Random memory write is slower than random memory read?

Random memory write is slower than random memory read? - performance

I'm trying to figure out memory access time of sequential/random memory read/write. Here's the code:
#include <assert.h>
#include <stdio.h>
#include <stdlib.h>
#include <sys/time.h>
#include <time.h>
#define PRINT_EXCECUTION_TIME(msg, code) \
do { \
struct timeval t1, t2; \
double elapsed; \
gettimeofday(&t1, NULL); \
do { \
code; \
} while (0); \
gettimeofday(&t2, NULL); \
elapsed = (t2.tv_sec - t1.tv_sec) * 1000.0; \
elapsed += (t2.tv_usec - t1.tv_usec) / 1000.0; \
printf(msg " time: %f ms\n", elapsed); \
} while (0);
const int RUNS = 20;
const int N = (1 << 27) - 1;
int *data;
int seqR() {
register int res = 0;
register int *data_p = data;
register int pos = 0;
for (register int j = 0; j < RUNS; j++) {
for (register int i = 0; i < N; i++) {
pos = (pos + 1) & N;
res = data_p[pos];
}
}
return res;
}
int seqW() {
register int res = 0;
register int *data_p = data;
register int pos = 0;
for (register int j = 0; j < RUNS; j++) {
for (register int i = 0; i < N; i++) {
pos = (pos + 1) & N;
data_p[pos] = res;
}
}
return res;
}
int rndR() {
register int res = 0;
register int *data_p = data;
register int pos = 0;
for (register int j = 0; j < RUNS; j++) {
for (register int i = 0; i < N; i++) {
pos = (pos + i) & N;
res = data_p[pos];
}
}
return res;
}
int rndW() {
register int res = 0;
register int *data_p = data;
register int pos = 0;
for (register int j = 0; j < RUNS; j++) {
for (register int i = 0; i < N; i++) {
pos = (pos + i) & N;
data_p[pos] = res;
}
}
return res;
}
int main() {
data = (int *)malloc(sizeof(int) * (N + 1));
assert(data);
for (int i = 0; i < N; i++) {
data[i] = i;
}
for (int i = 0; i < 10; i++) {
PRINT_EXCECUTION_TIME("seqR", seqR());
PRINT_EXCECUTION_TIME("seqW", seqW());
PRINT_EXCECUTION_TIME("rndR", rndR());
PRINT_EXCECUTION_TIME("rndW", rndW());
}
return 0;
}
I used gcc 6.5.0 with -O0 to prevent optimization but got result like this:
seqR time: 2538.010000 ms
seqW time: 2394.991000 ms
rndR time: 40625.169000 ms
rndW time: 46184.652000 ms
seqR time: 2411.038000 ms
seqW time: 2309.115000 ms
rndR time: 41575.063000 ms
rndW time: 46206.275000 ms
It's easy to understand that sequential access is way faster than random access. However, it doesn't make sense to me that random write is slower than random read while sequential write is faster than sequential read. What reason could cause this?
In addition, am I safe to say memory bandwidth for seqR is (20 * ((1 << 27) - 1) * 4 * 1024 * 1024 * 1024)GB / (2.538)s = 4.12GB/s?

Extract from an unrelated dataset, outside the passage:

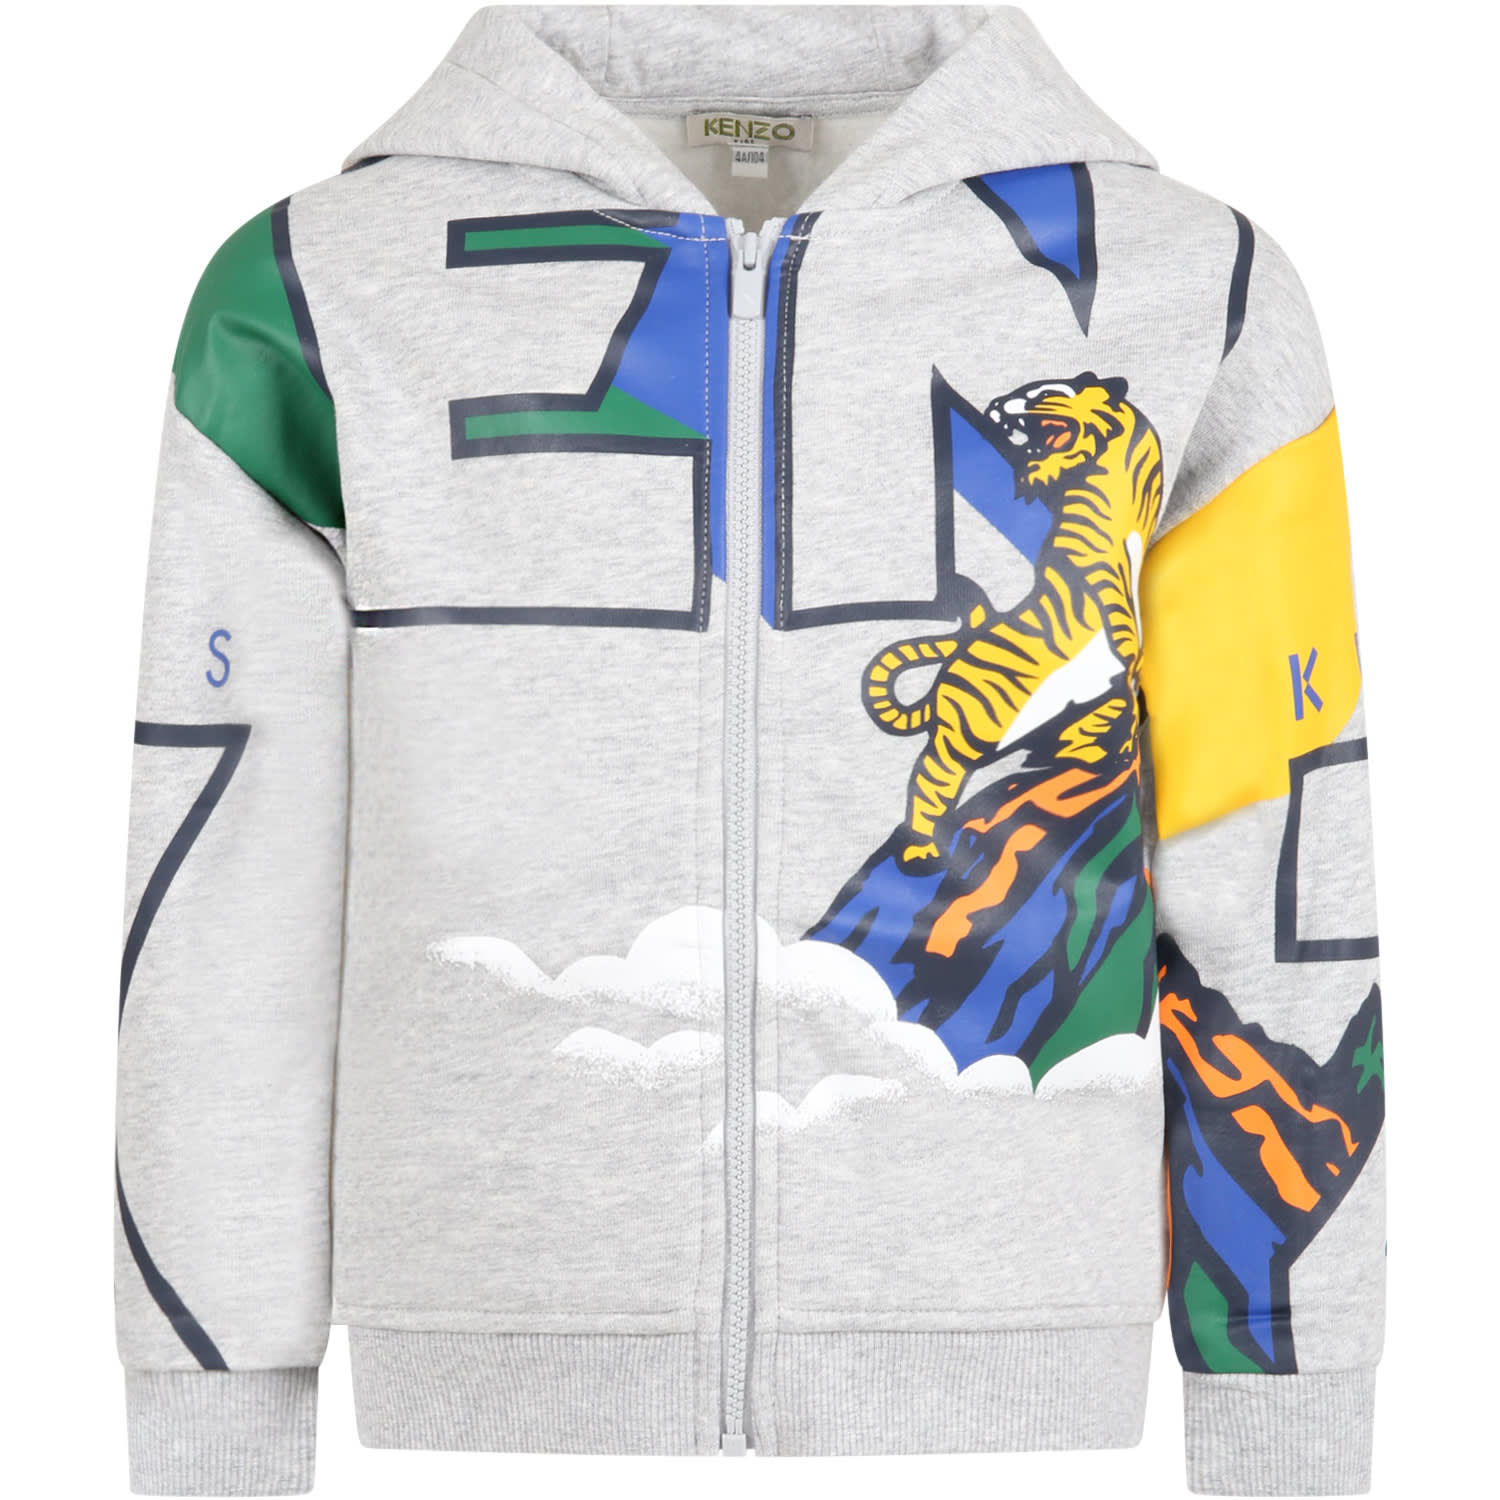 Kenzo Kids Grey Sweatshirt For Boy With Tigers

Sounds normal. All x86-64 CPUs (and most other modern CPUs) use write-back / write-allocate caches so a write costs a read before it can commit to cache, and an eventual write-back.
with -O0 to prevent optimization
Since you used register on all your locals, this is one of the rare times when this didn't make your benchmark meaningless.
You could have just used volatile on your arrays, though, to make sure every one of those accesses happened in order, but leave it up to the optimizer how to make that happen.
Am I safe to say memory bandwidth for seqR is (20 * ((1 << 27) - 1) * 4 * 1024 * 1024 * 1024)GB / (2.538)s = 4.12GB/s?
No, you have an extra factor of 2^30 and 10^9 in your numerator. But you did it wrong and got close to the right number anyway.
The correct calculation is RUNS * N * sizeof(int) / time bytes per second, or that divided by 10^9 GB/s. Or divided by 2^30 for base 2 GiB/s. Memory sizes are usually in GiB, but you can take your pick with bandwidth; DRAM clock speeds are normally things like 1600 MHz, so base-10 GB = 10^9 is certainly normal for theoretical max bandwidths in GB/s.)
So 4.23 GB/s in base-10 GB.
Yes, you initialized the array first so neither timed run is triggering page-faults, but I might still have used the 2nd run after the CPU has warmed up to max turbo, if it hadn't already.
But keep in mind this is un-optimized code. That's how fast your un-optimized code ran, and doesn't tell you much about how fast your memory is. It's probably CPU bound, not memory.
Especially with a redundant & N in there to match the CPU work of the rndR/W functions. HW prefetching is probably able to keep up with 4GB/s, but it's still not even reading 1 int per clock cycle.

Related

Error correction on small message (8-Bit) with high resilience, what is the best method?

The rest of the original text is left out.